Our next point of call was Cochin, a former spice trading port for the British East Indian Company, consisting of a number of islands! We had two full days to explore and a day was spent wandering the streets around Fort Cochin. A visit to the spice market was a colourful wonder and was funny seeing all the Jewish named shops in this now very Indian run spice market! To add to the event it was Bens birthday and so he was dressed up accordingly. With a string of plastic flowers around his head he was difficult to miss and the India folks loved him. Riki and I headed of to sort out a present and a cake. With a budget of 100 rupees or about US$2.50 for presents we took to the market stalls and soon had a great selection of presents ranging from a great pair of brown Y-fronts, a Barbie Doll mobile phone alarm clock and a small bottle of the much favoured Indian aftershave Wild Rhino, Ben was suitably impressed, though the girls advised against the use of the aftershave!

The other major attraction of Cochin the Kathakali Dancers, a ancient form of dance used to tell Hindu folks stories by using hand, face and eye movement and exotically painted faces.
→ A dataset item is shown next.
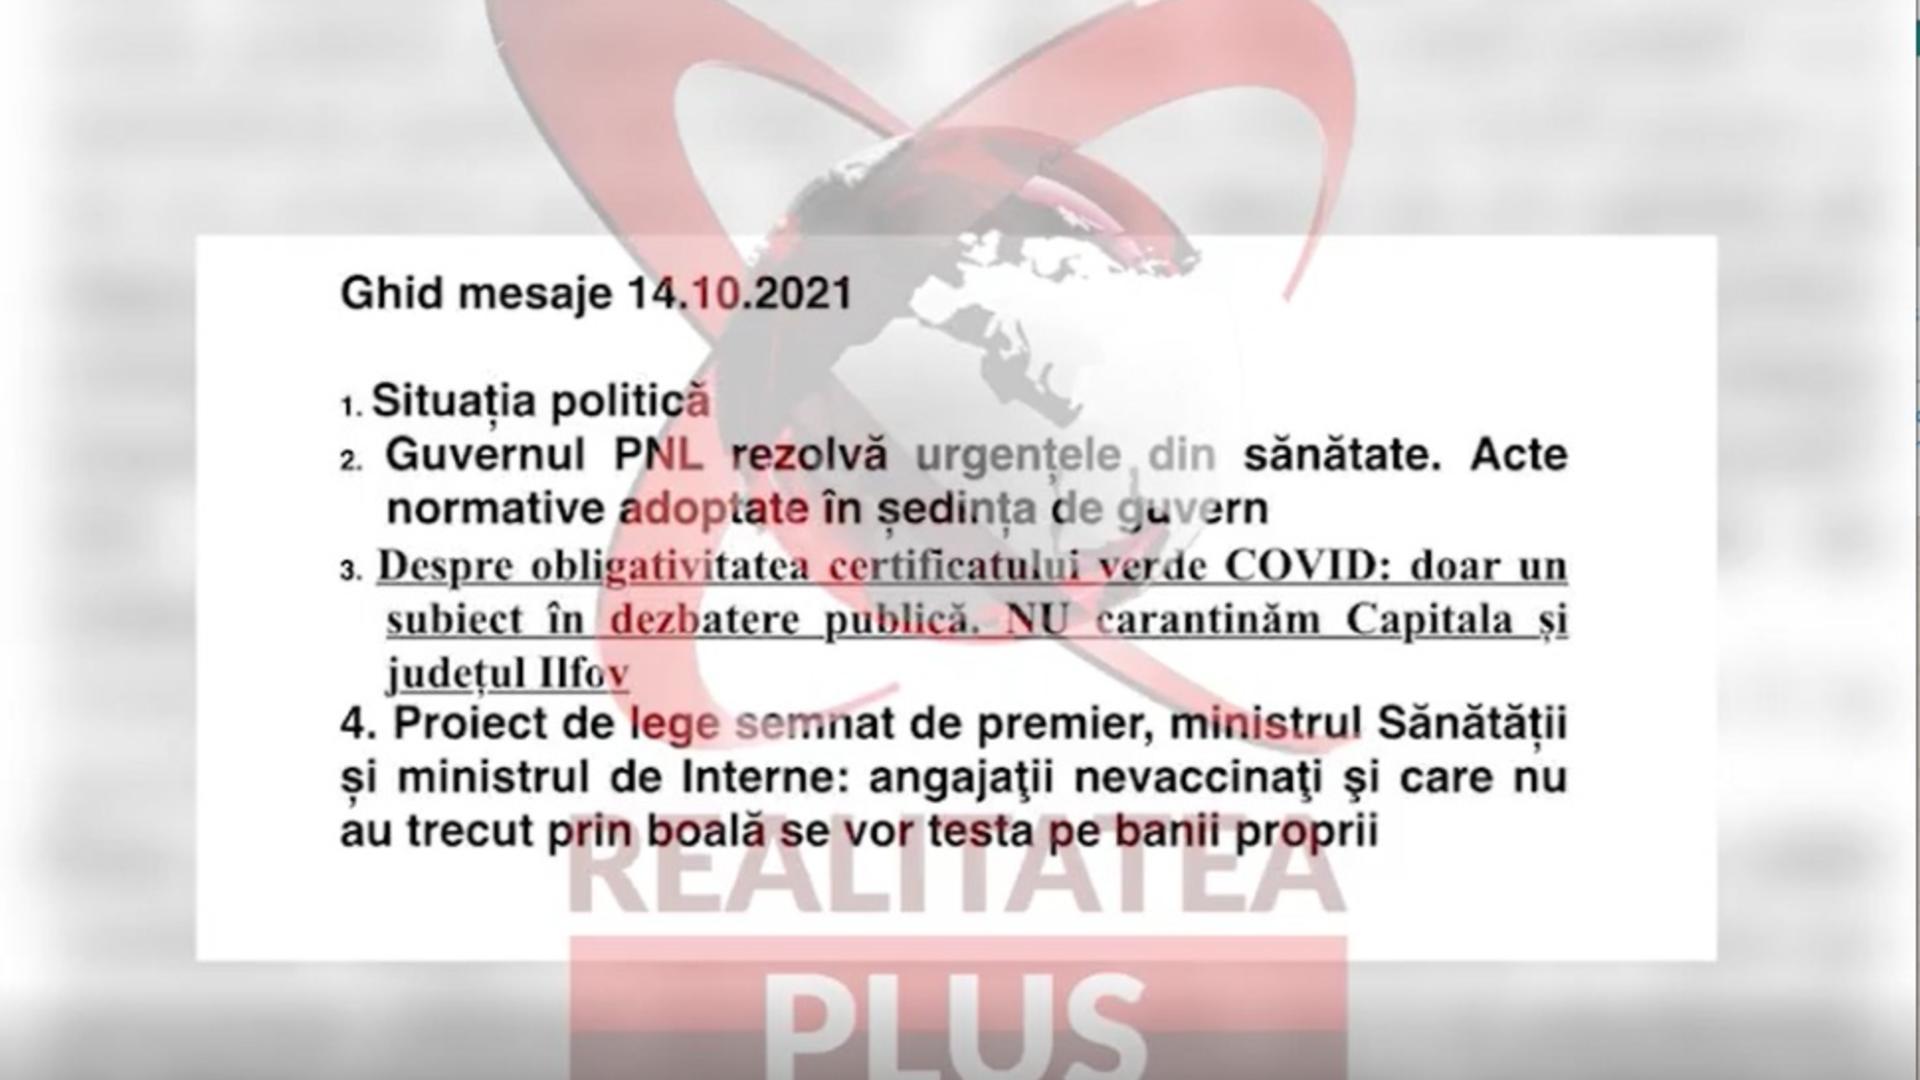 Punctaje PNL, transmise pentru liberali, în apariții TV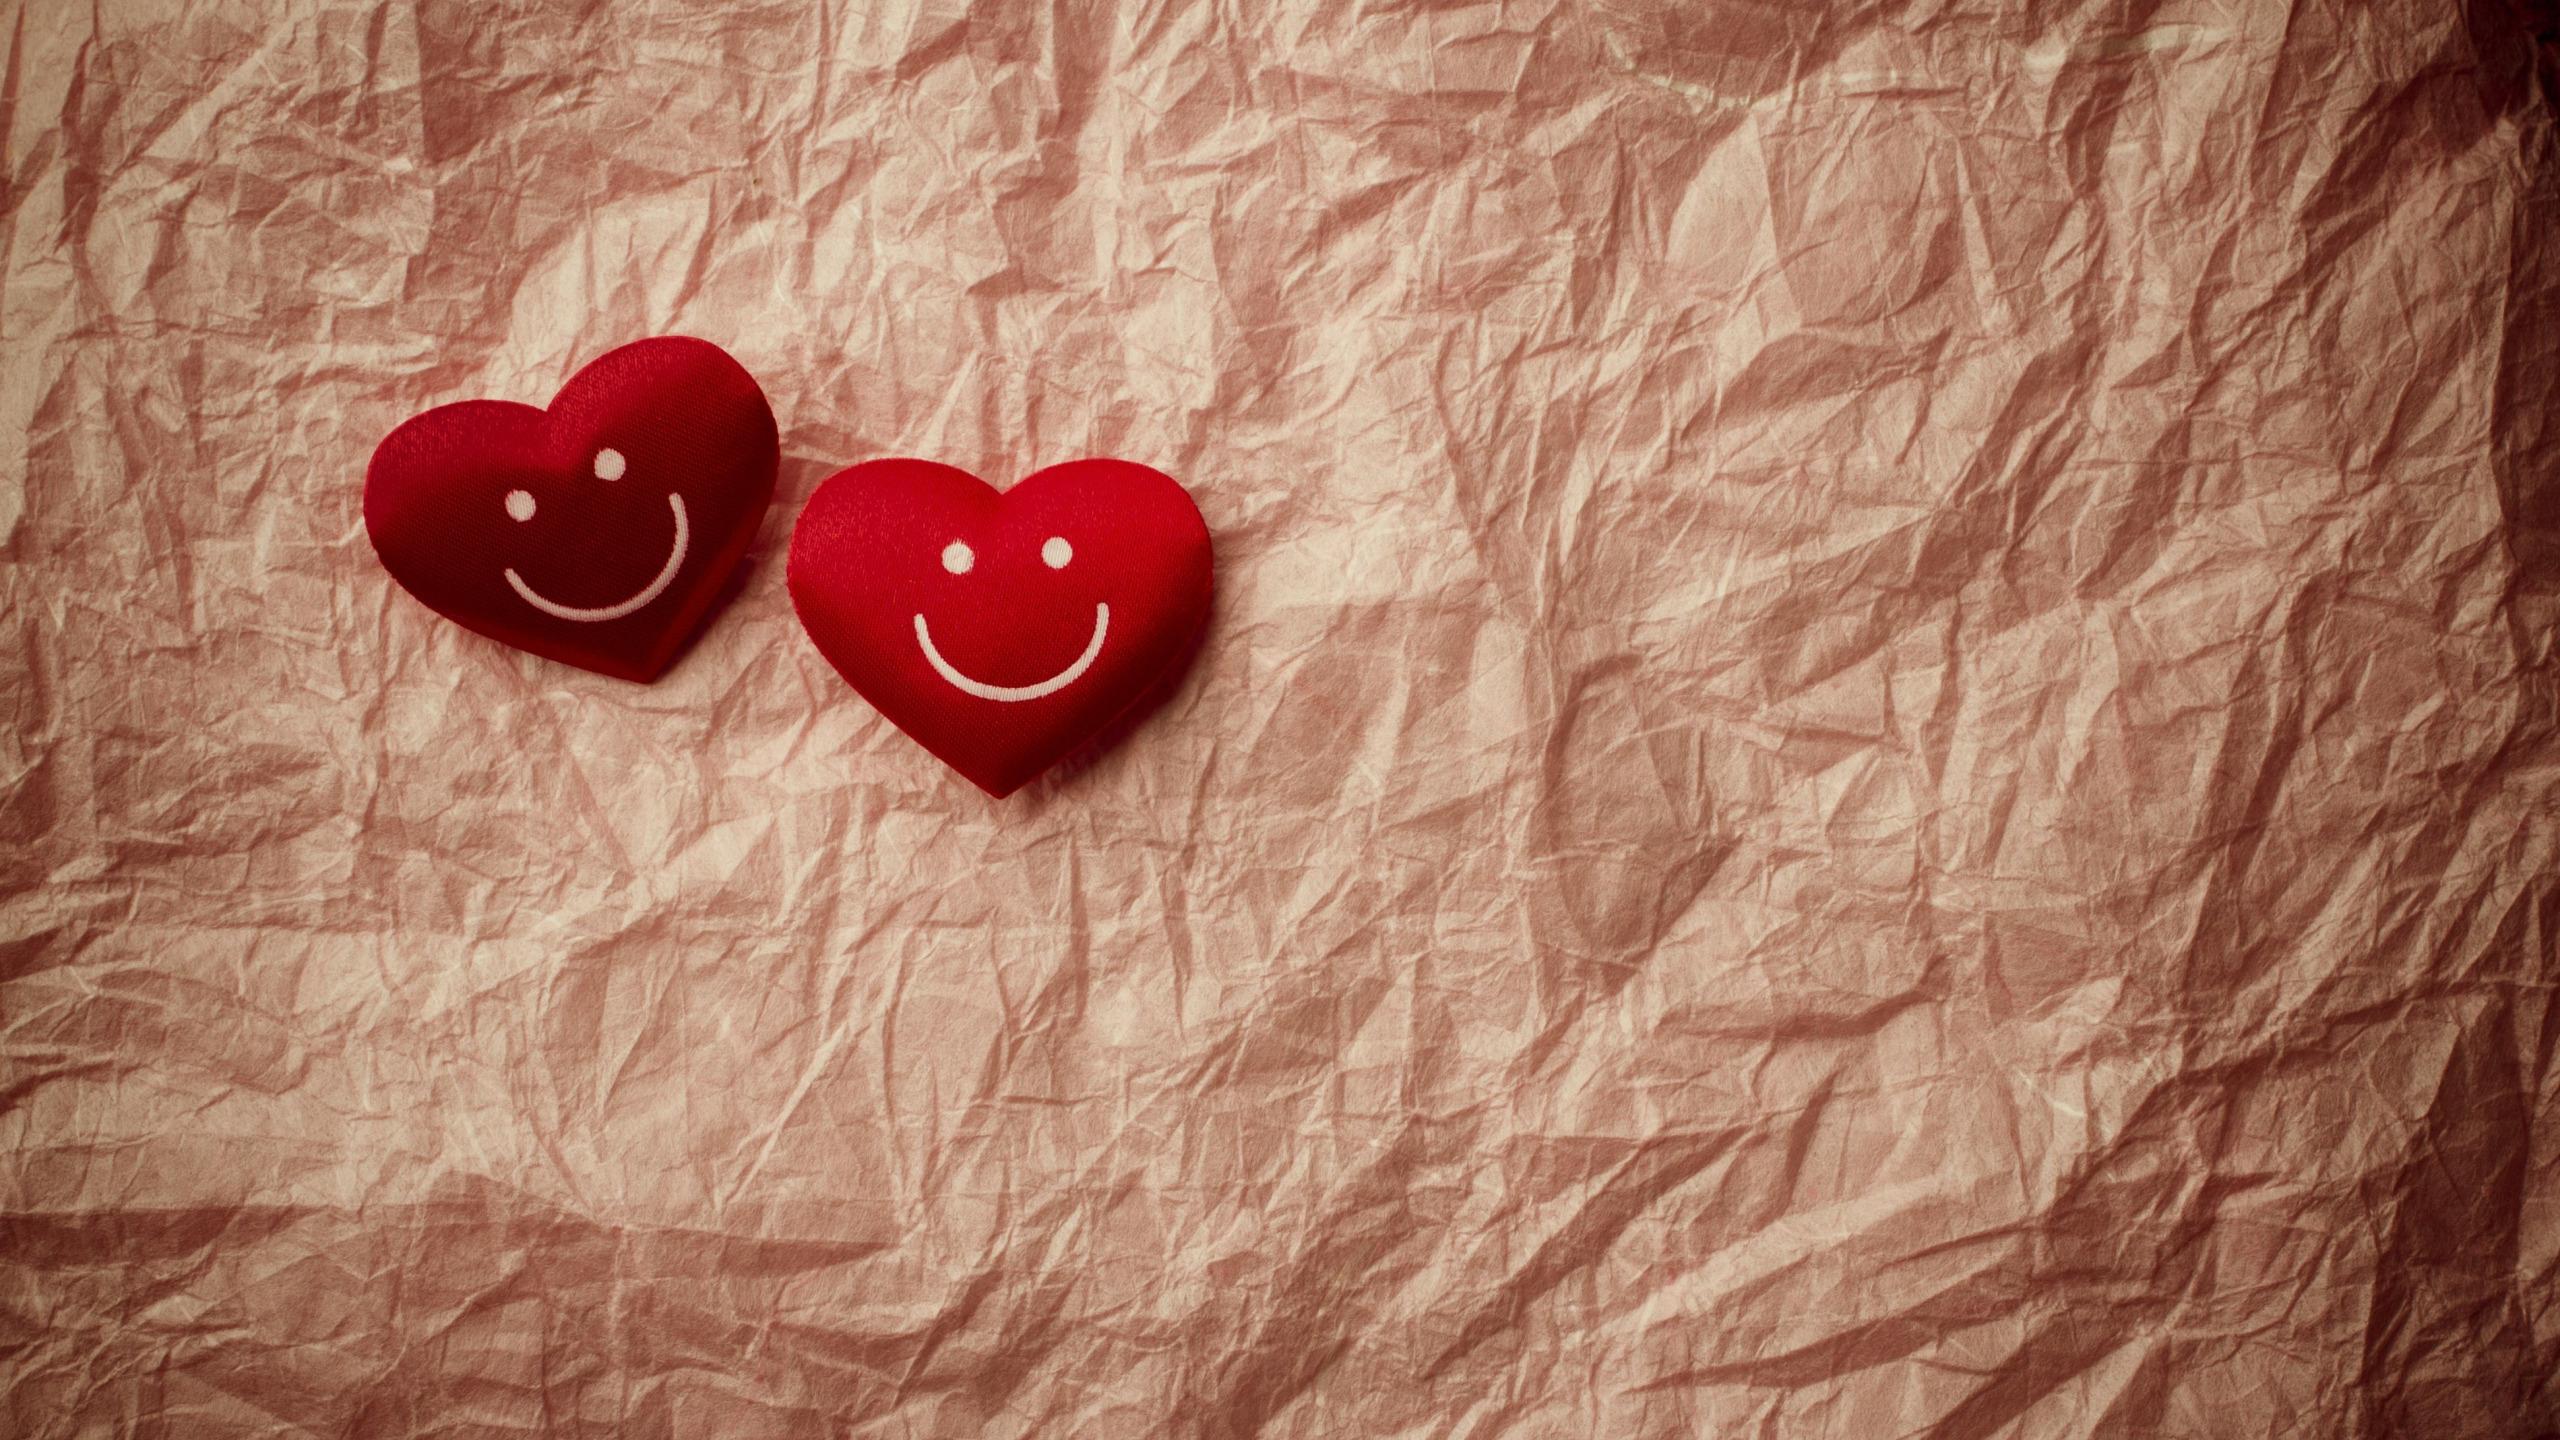 картинки сердце для рабочего стола сильнее

We arrived early so we could watch the make-up session, seems a bit strange to most and a couple of the lads commented that it was not quite there thing, but once we arrived and they saw what it involved they were amazed.
After the show everybody decided it was time for a western style splurge and so we headed for Pizza Hut, a bit of s surprise as it may have the name, but India has definitly put its own twist to the theme with some fairly spicy pizzas. Was even funnier when everybody woke up the following morning with a good case of Delhi belly, our first run in with this Indian legend!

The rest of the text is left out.